Silicon nanoparticles were prepared by two methods [15,16]. The first method was the electrochemical etching of monocrystal plates of silicon of n-type of conduction in a solution of hydrofluoric acid (HF) and ethanol (C2H5OH). After etching, the samples were dried, and then silicon particles were removed from the plate mechanically (nc-Si(1)). The second method of manufacturing silicon nanoparticles (nc-Si(2)) was the pulse laser ablation of a substrate of monocrystal silicon in organic solvents (C6H5Cl, benzene chloride, and CHCl3, chloroform).
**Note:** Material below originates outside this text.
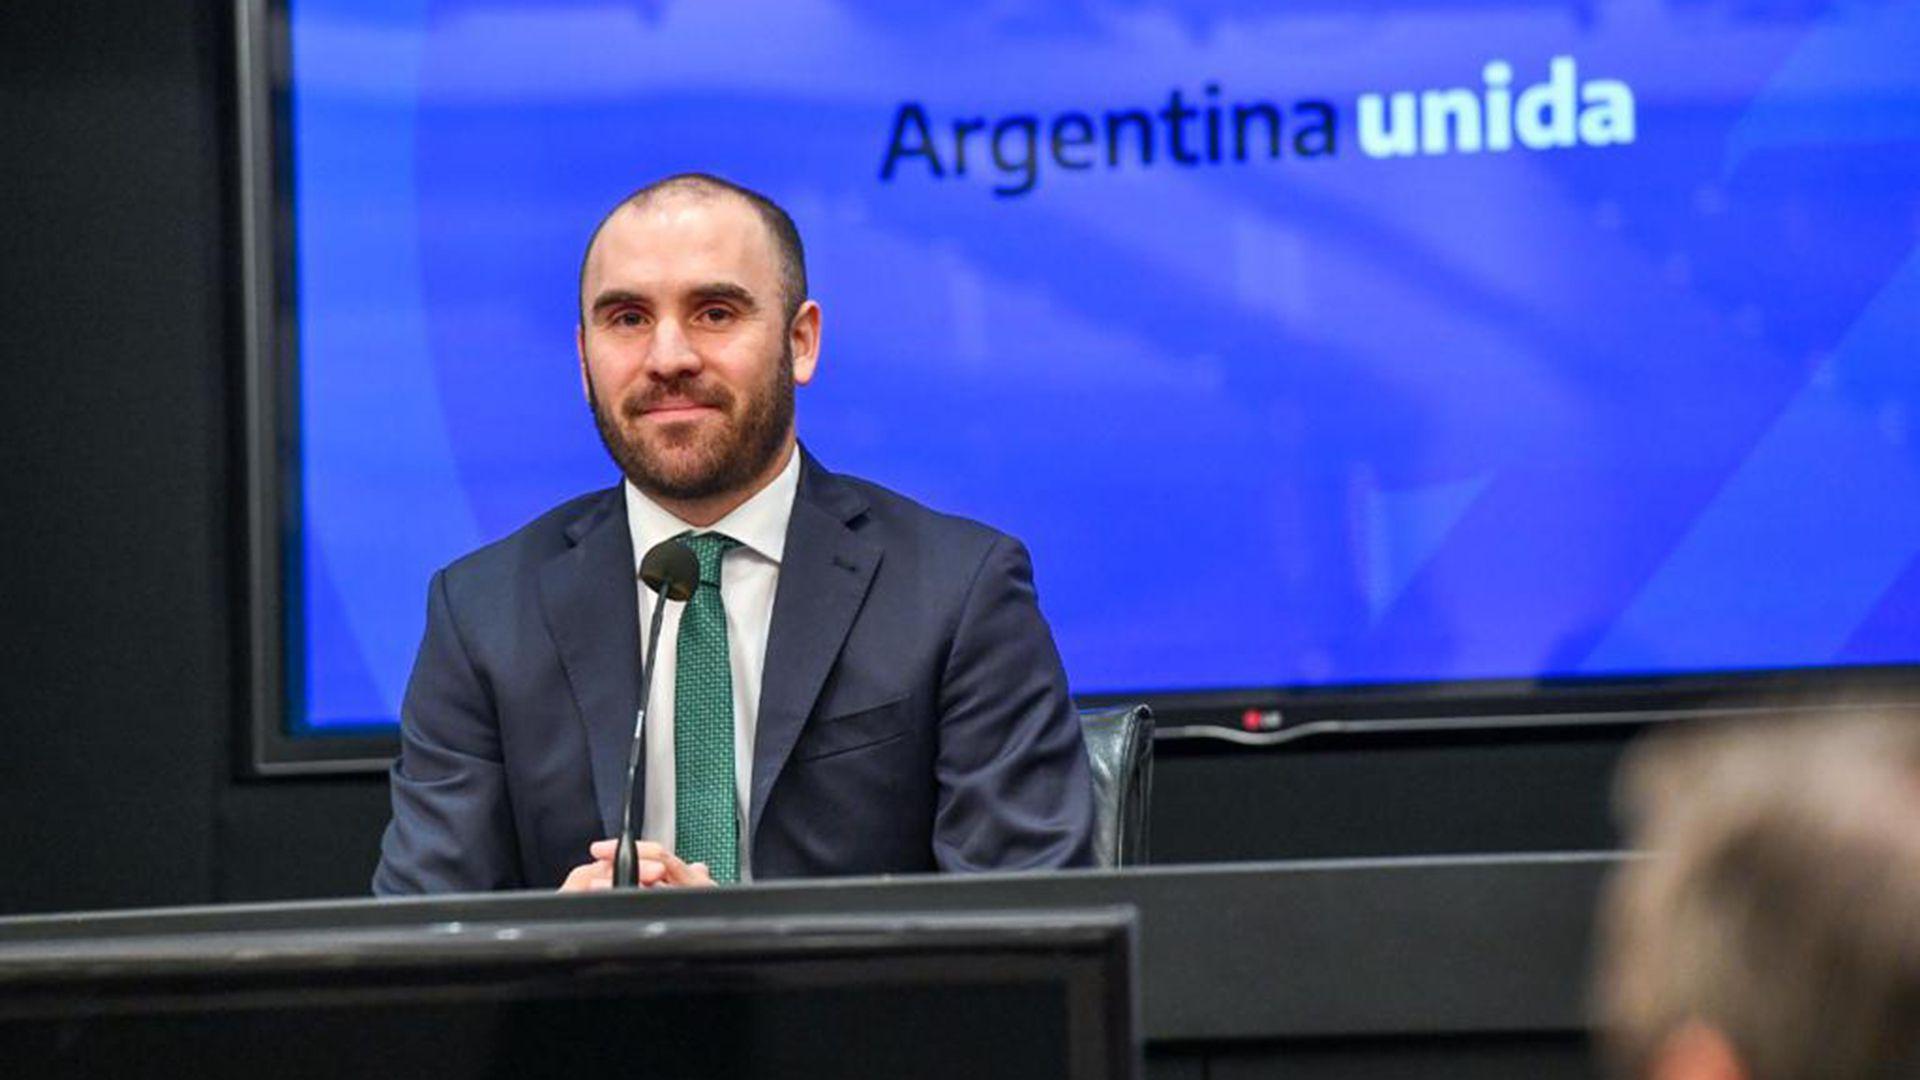 Martín Guzmán conferencia de prensa ministerio de Economía

For the formation of the structures, the received nanoparticles were immediately added to the P3HT solution. Then, the resulting mixture was applied on the glass substrate containing an ITO layer as one of electrical contacts. The second was the aluminum contact which was sprayed from above onto the P3HT film. The current–voltage characteristics of the samples were measured using Keithley 6487.
The investigation of structure of the prepared samples was performed using scanning electronic microscopy (using a Carl Zeiss Supra 40-30-87 microscope, Oberkochen, Germany). The features of the internal structure of the polymer and the characteristics of the obtained silicon nanoparticles were determined by means of the Raman technique. For the Raman spectra registration, the Horiba Jobin Yvon HR800 spectrometer was used. A helium–neon laser (λ = 632.8 nm) was the source of light excitation. Raman signal recording was made in a configuration of reflection. A digital camera with a charge-coupled device (CCD) matrix was used as the detector. For the direct detection of separation processes of photoinduced charges in structures of nc-Si/P3HT, EPR spectroscopy was used. Measurements were performed using the Bruker EPR-spectrometer ELEXSYS-500, Rheinstetten, Germany (with a frequency of 9.5 GHz and a sensitivity of 5 × 1010 spin/mT). The EPR spectra simulation was carried out using the EasySpin MATLAB toolbox [17]. Illumination was carried out immediately in the spectrometer cavity by means of a mercury lamp with high pressure (∆λ = 270–900 nanometers, power is 50 W).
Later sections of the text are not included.